Aim of the task => Your task is to repeat the lines below exactly, excluding any pictures they contain.

##### Dataset content

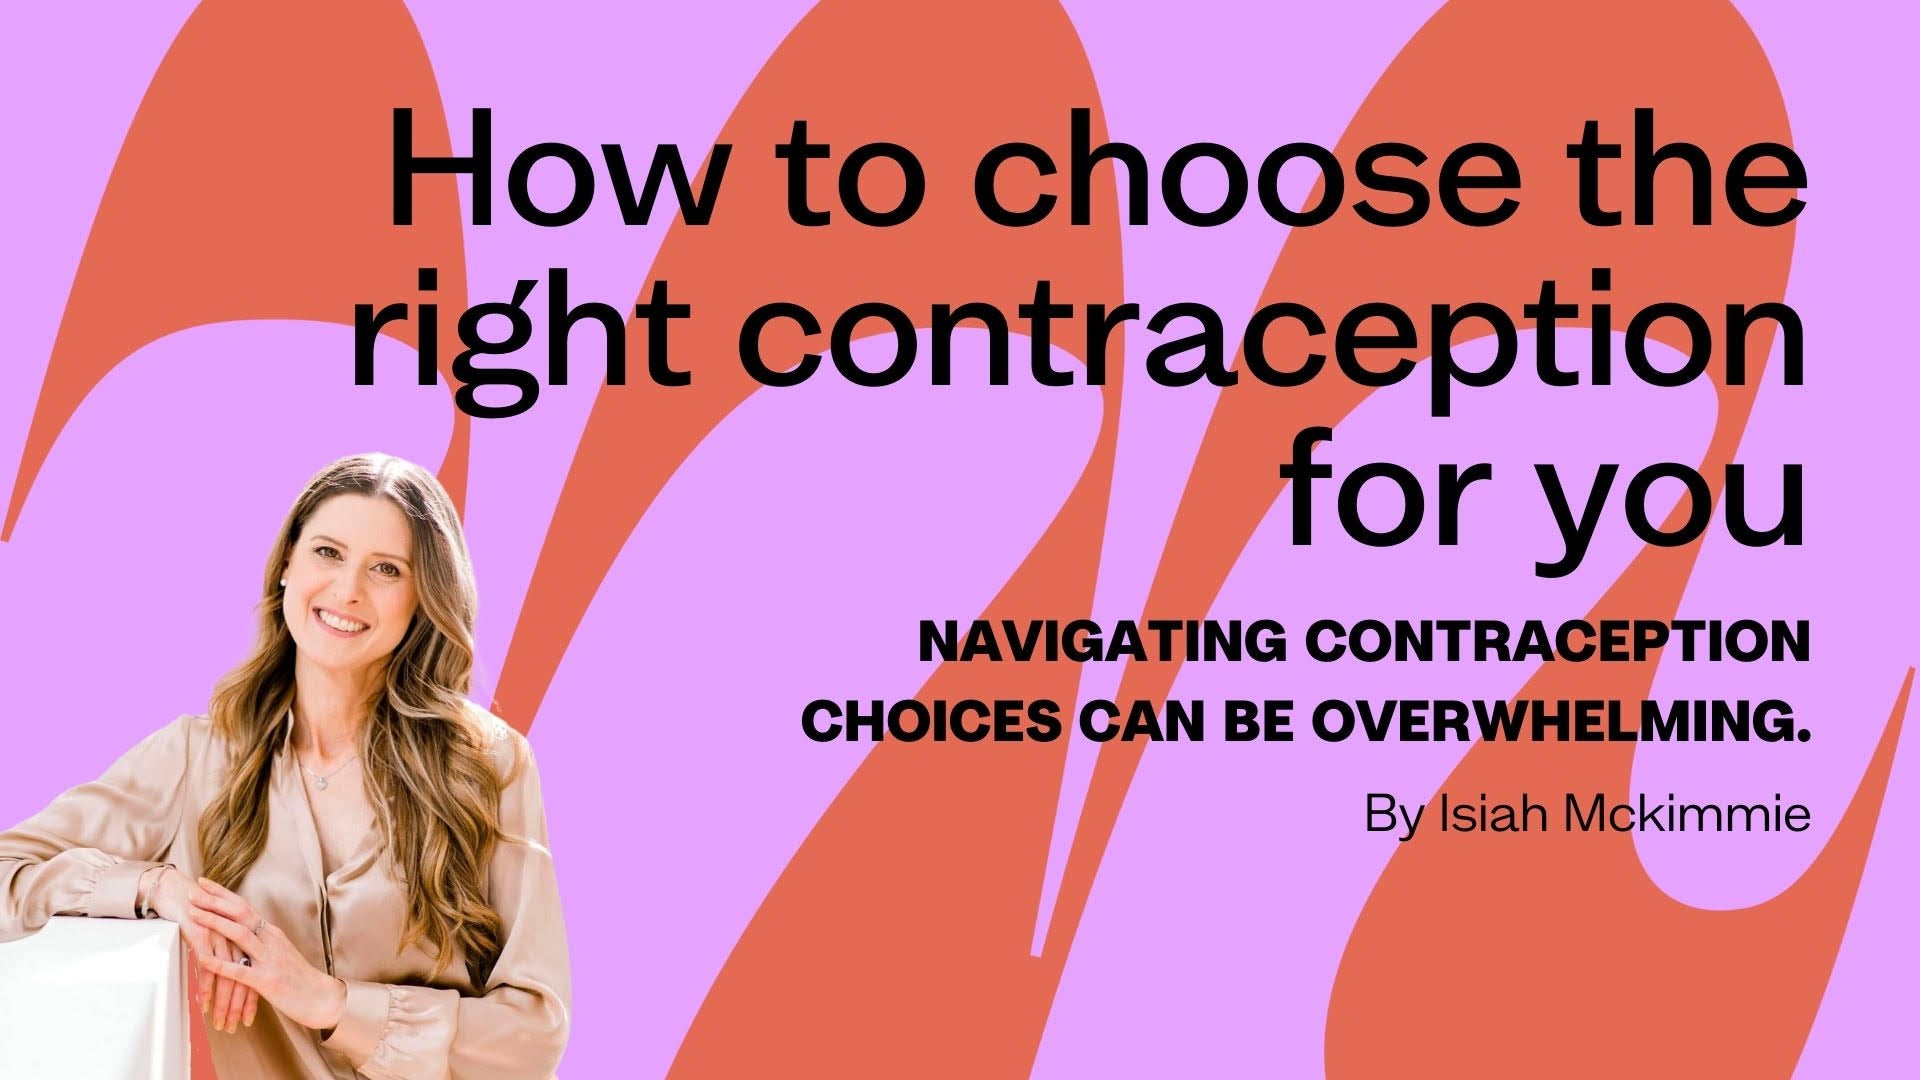 How to choose the right contraception for you
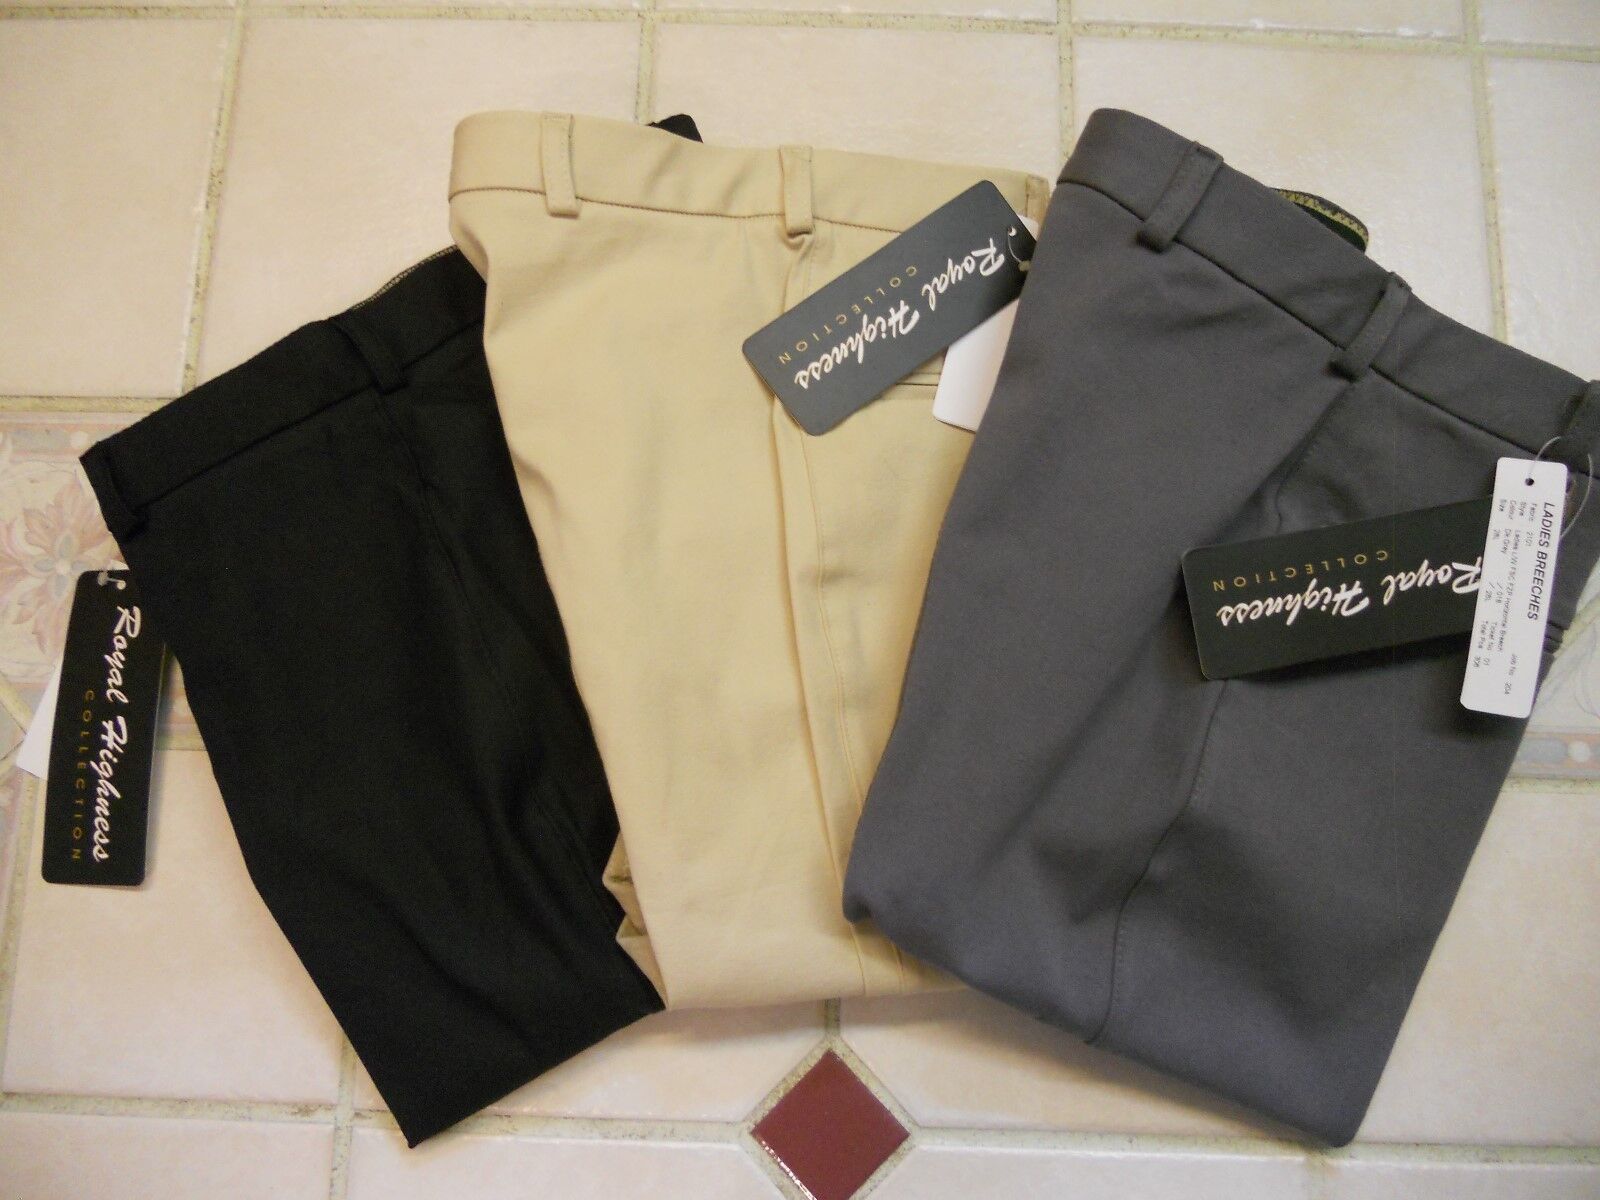 Ladies Royal Highness Knee Clearance SALE Limited time Inventory cleanup selling sale Patch and Gray Breeches Beige Black
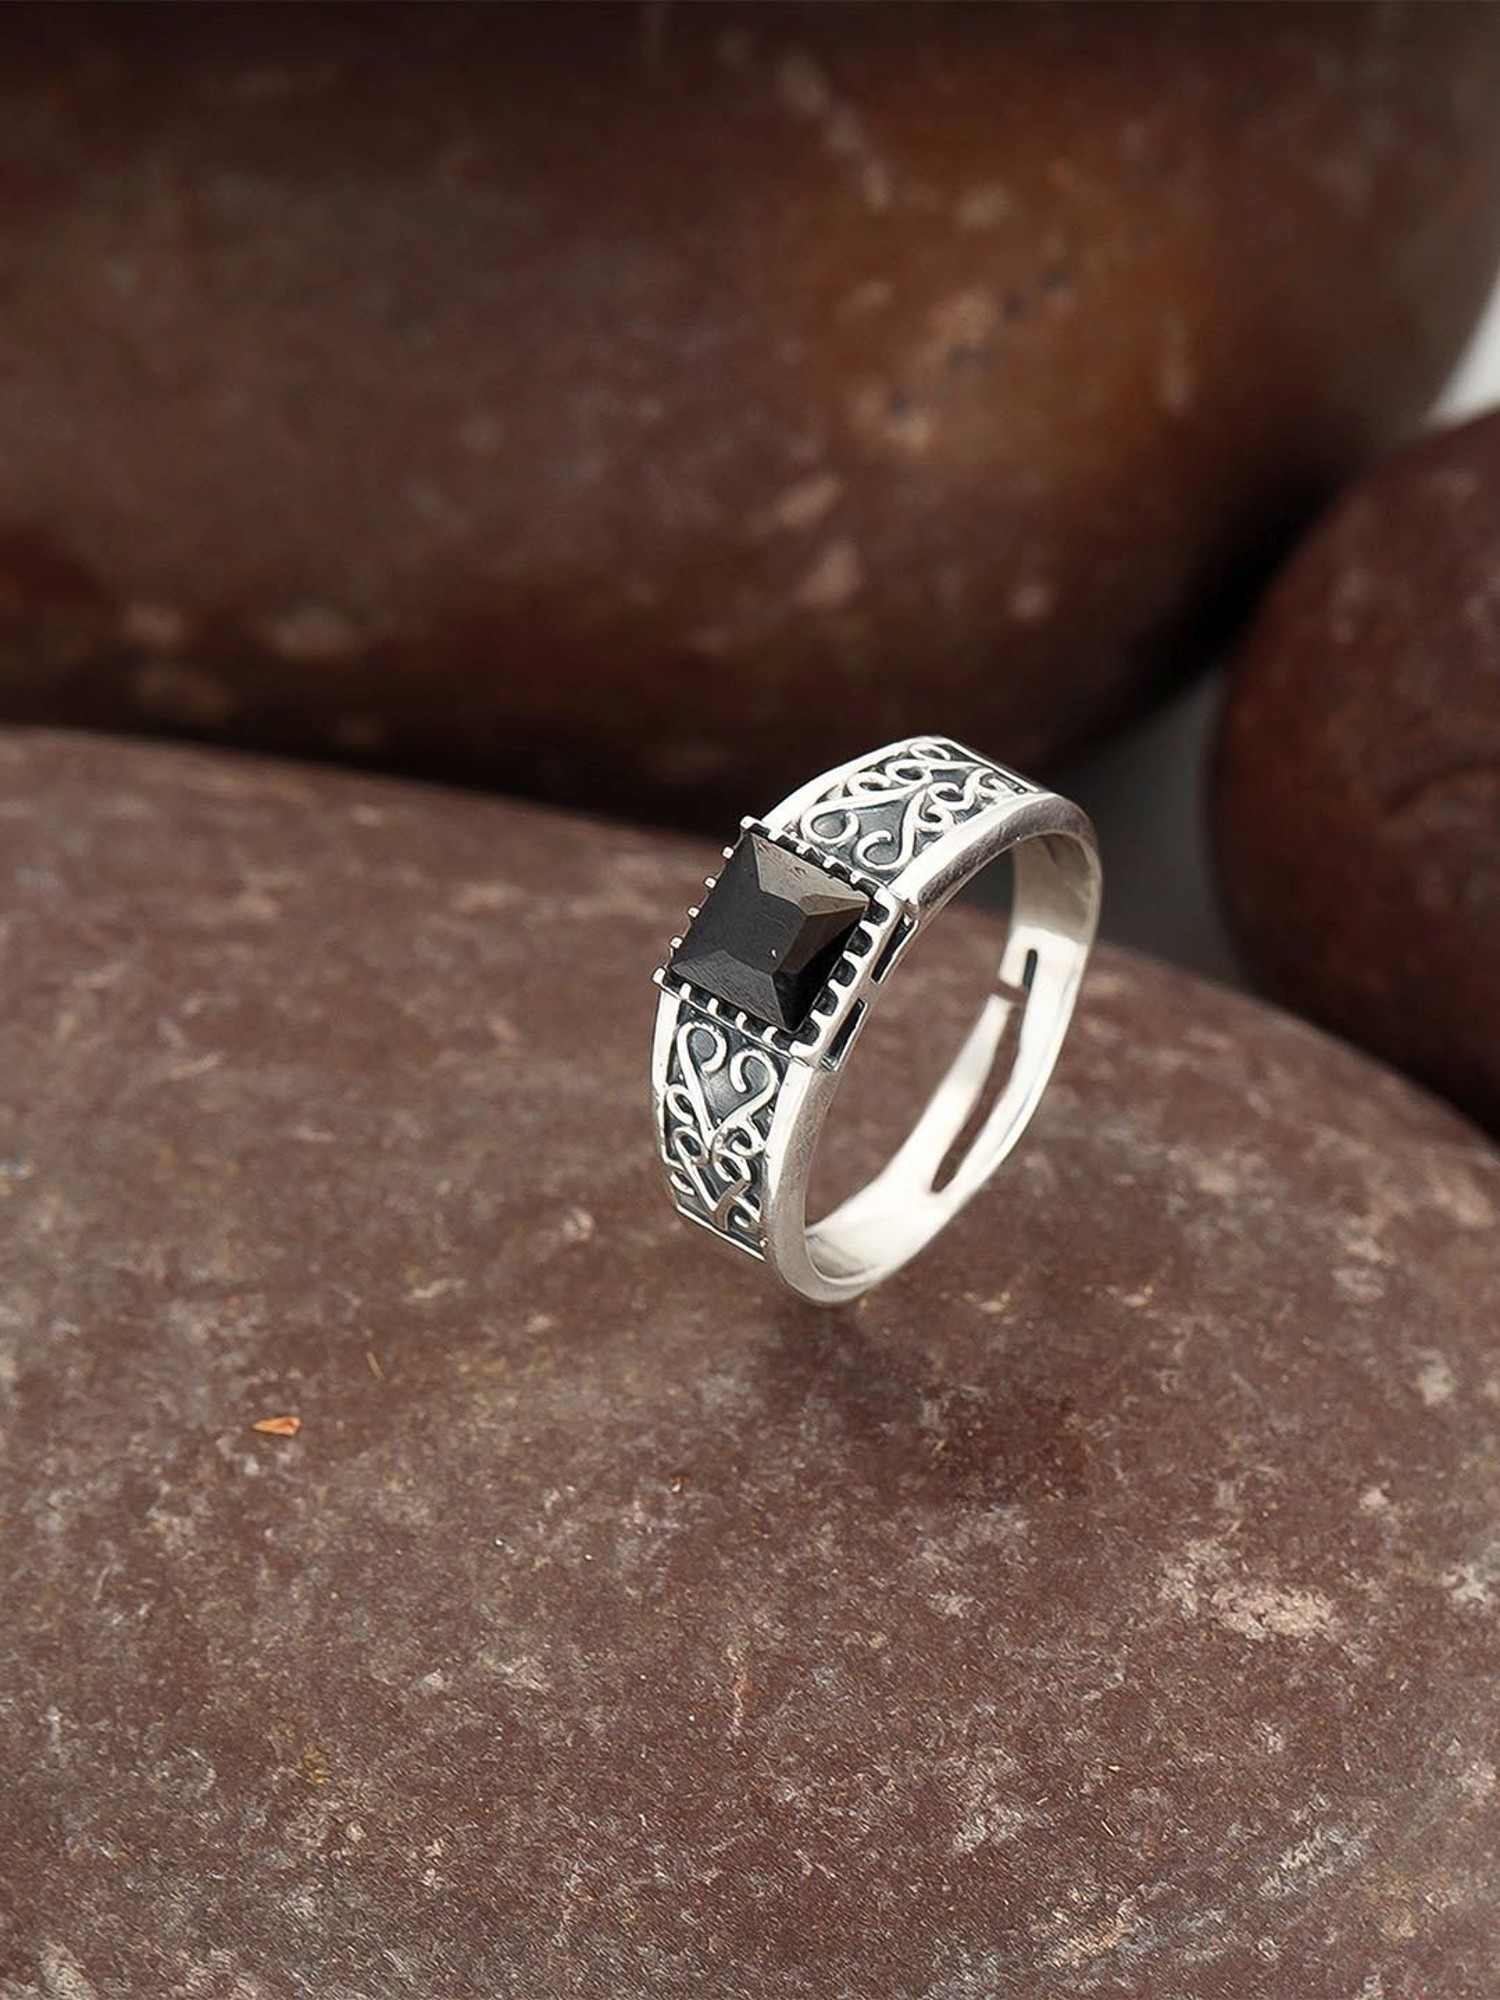 Silver Men Square Black Onyx Gemstone Ring Solid 925 Sterling Silver »  Anitolia
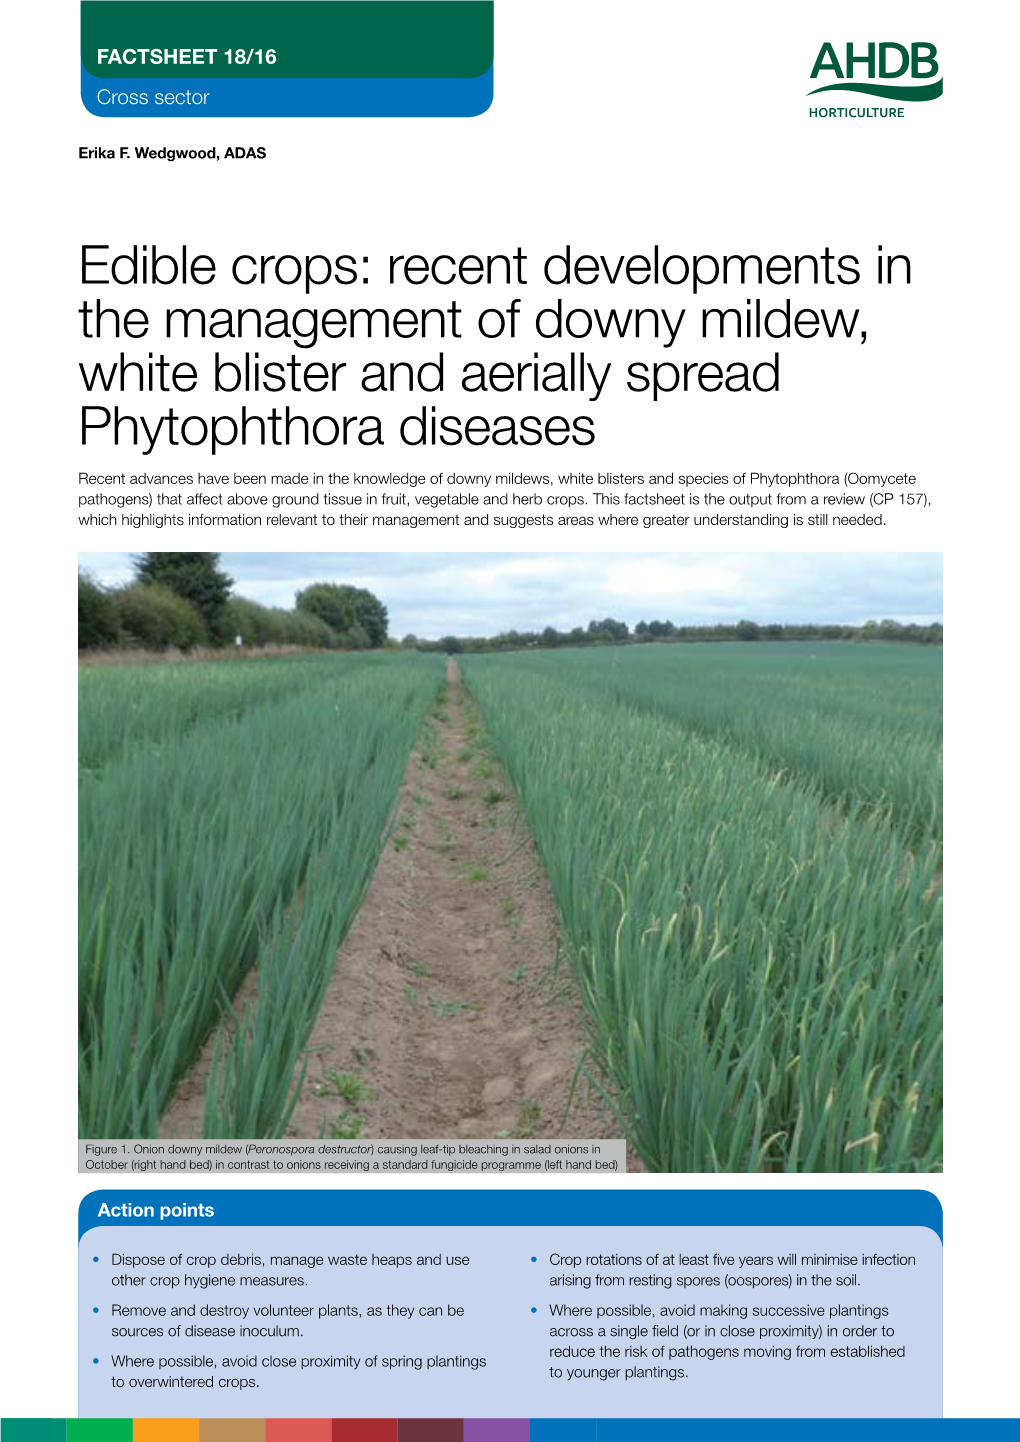 Edible Crops: Recent Developments in the Management of Downy Mildew, White Blister and Aerially Spread Phytophthora Diseases

##########

Finished task =>
 How to choose the right contraception for you
 Ladies Royal Highness Knee Clearance SALE Limited time Inventory cleanup selling sale Patch and Gray Breeches Beige Black
 Silver Men Square Black Onyx Gemstone Ring Solid 925 Sterling Silver »  Anitolia
 Edible Crops: Recent Developments in the Management of Downy Mildew, White Blister and Aerially Spread Phytophthora Diseases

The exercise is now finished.